What is required.
Repeat the records given below in full, with no changes.

Excerpts from a dataset

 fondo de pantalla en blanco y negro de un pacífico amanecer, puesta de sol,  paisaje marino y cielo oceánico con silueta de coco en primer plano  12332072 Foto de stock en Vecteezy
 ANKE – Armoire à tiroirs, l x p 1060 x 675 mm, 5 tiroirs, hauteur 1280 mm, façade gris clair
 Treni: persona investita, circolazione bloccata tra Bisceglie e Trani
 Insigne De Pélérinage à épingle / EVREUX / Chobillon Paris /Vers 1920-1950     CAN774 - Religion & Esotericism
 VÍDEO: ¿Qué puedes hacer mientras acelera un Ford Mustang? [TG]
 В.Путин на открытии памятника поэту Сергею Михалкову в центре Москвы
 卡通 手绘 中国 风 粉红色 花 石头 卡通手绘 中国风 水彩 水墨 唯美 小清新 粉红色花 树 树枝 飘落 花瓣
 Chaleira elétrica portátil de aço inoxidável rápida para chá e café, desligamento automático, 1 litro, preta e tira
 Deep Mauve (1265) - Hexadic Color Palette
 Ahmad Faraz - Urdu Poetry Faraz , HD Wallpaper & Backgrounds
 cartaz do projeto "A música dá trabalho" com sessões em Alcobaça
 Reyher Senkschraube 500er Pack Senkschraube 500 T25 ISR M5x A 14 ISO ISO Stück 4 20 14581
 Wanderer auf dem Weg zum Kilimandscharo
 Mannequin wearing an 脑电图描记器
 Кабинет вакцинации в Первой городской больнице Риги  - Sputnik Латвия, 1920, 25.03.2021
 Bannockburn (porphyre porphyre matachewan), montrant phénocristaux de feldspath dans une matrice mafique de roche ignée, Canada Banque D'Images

Output.
 fondo de pantalla en blanco y negro de un pacífico amanecer, puesta de sol,  paisaje marino y cielo oceánico con silueta de coco en primer plano  12332072 Foto de stock en Vecteezy
 ANKE – Armoire à tiroirs, l x p 1060 x 675 mm, 5 tiroirs, hauteur 1280 mm, façade gris clair
 Treni: persona investita, circolazione bloccata tra Bisceglie e Trani
 Insigne De Pélérinage à épingle / EVREUX / Chobillon Paris /Vers 1920-1950     CAN774 - Religion & Esotericism
 VÍDEO: ¿Qué puedes hacer mientras acelera un Ford Mustang? [TG]
 В.Путин на открытии памятника поэту Сергею Михалкову в центре Москвы
 卡通 手绘 中国 风 粉红色 花 石头 卡通手绘 中国风 水彩 水墨 唯美 小清新 粉红色花 树 树枝 飘落 花瓣
 Chaleira elétrica portátil de aço inoxidável rápida para chá e café, desligamento automático, 1 litro, preta e tira
 Deep Mauve (1265) - Hexadic Color Palette
 Ahmad Faraz - Urdu Poetry Faraz , HD Wallpaper & Backgrounds
 cartaz do projeto "A música dá trabalho" com sessões em Alcobaça
 Reyher Senkschraube 500er Pack Senkschraube 500 T25 ISR M5x A 14 ISO ISO Stück 4 20 14581
 Wanderer auf dem Weg zum Kilimandscharo
 Mannequin wearing an 脑电图描记器
 Кабинет вакцинации в Первой городской больнице Риги  - Sputnik Латвия, 1920, 25.03.2021
 Bannockburn (porphyre porphyre matachewan), montrant phénocristaux de feldspath dans une matrice mafique de roche ignée, Canada Banque D'Images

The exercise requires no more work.